Капитан оторвался от блокнота.
– Частично, господин фон Липвиг, твои слова были подтверждены беспристрастным свидетелем, который никак не мог быть соучастником в деле.
– Вы говорили с Глэдис? – спросил Мокриц.
– Глэдис – это?..
– Та, кто лезет к вам с грязными сапогами.
– Как голем может быть «ею», господин?
– О, это я знаю. Правильный ответ: а как голем может быть «им»?
– Интересно подмечено. Теперь понятно с платьем. Чисто из праздного любопытства, по-твоему, какой вес может унести один голем?
– Не знаю. Думаю, пару тонн. К чему это ты клонишь?
– Не знаю, господин, – бодро ответил Моркоу. – Командор Ваймс говорит, что, когда жизнь подсовывает тебе тарелку спагетти, тяни за них, пока не найдешь тефтели. Вообще, насколько он мог оценить происходящее, твоя версия событий сходится с показаниями Шалопая.
– Вы допросили собаку?
– Он вообще-то председатель банка, господин фон Липвиг, – заметил капитан.
– Как вы поняли, что… ах, это ваш вервольф, верно? – Мокриц расплылся в улыбке.
– Мы ничего не подтверждаем.
– Если что, все и так знают, что это Шнобби Шноббс.
– Неужели, господин? Ох боги. В общем, твои сегодняшние действия не оспариваются.
– Отлично.
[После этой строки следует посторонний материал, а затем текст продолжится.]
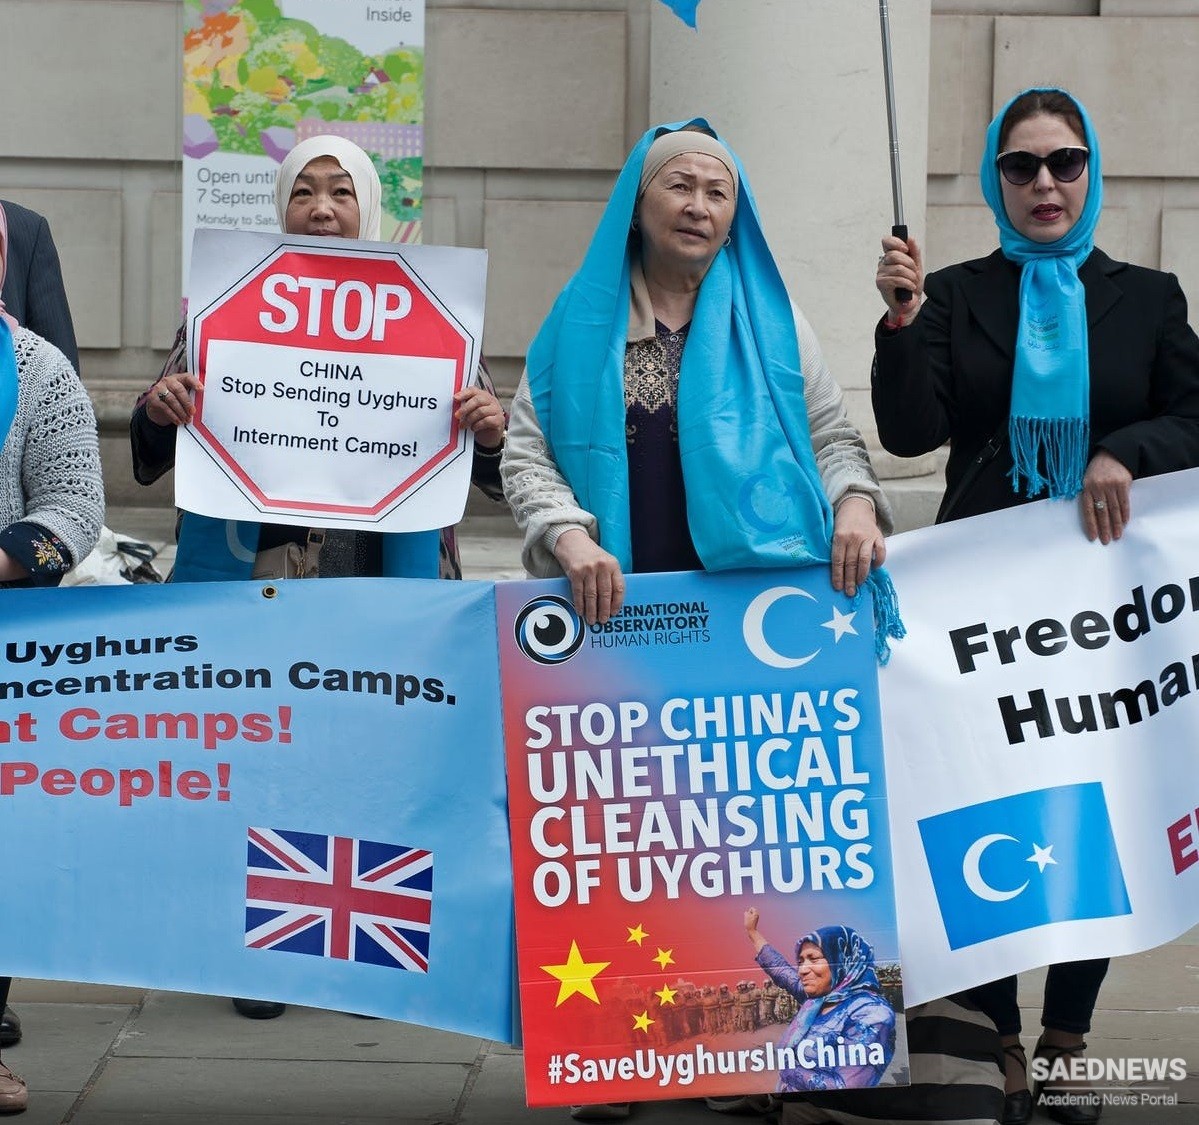 नसबंदी और अलगाव के माध्यम से चीन में उइघुर मुसलमानों का मौन उन्मूलन

Спасибо. – Мокриц собрался вставать.
– Чего нельзя сказать о твоих действиях ранее на неделе.
Мокриц снова сел.
– И? Мне же не нужно отчитываться за них, верно?
– Это могло бы помочь нам.
– Каким образом?
– Это могло бы помочь нам понять, почему в хранилище нет золота, господин. Незначительная деталь в общей картине вещей, но она как-то озадачивает.
В этот момент, совсем неподалеку, залаял Шалопай…
Космо Шик сидел за столом, сцепив пальцы рук перед собой, и смотрел, как Криббинс ест. Редкий человек при наличии выбора делал это дольше тридцати секунд.
– Нравится суп? – спросил Космо.
Криббинс после продолжительного финального хлебка отставил тарелку.
– Первоклассный, ваша светлость. – Он вынул из кармана серую тряпку и…
«Он собирается вынуть свою челюсть, прямо сейчас, прямо здесь, за столом, – подумал Космо. – Удивительно. И да, там застряли кусочки моркови…»
– Не стесняйся, поправляй свои зубы, – сказал он, когда Криббинс достал из кармана гнутую вилку.
– От них совшем шпашу нет, шэр, – произнес Криббинс. – Клянушь, они меня в гроб вгонят. – Пружины звенели, пока он сражался с ними вилкой. Потом, видимо удовлетворившись, он всунул челюсть обратно между серых десен и, чавкнув, посадил ее на место. – Так-то лучше, – объявил он.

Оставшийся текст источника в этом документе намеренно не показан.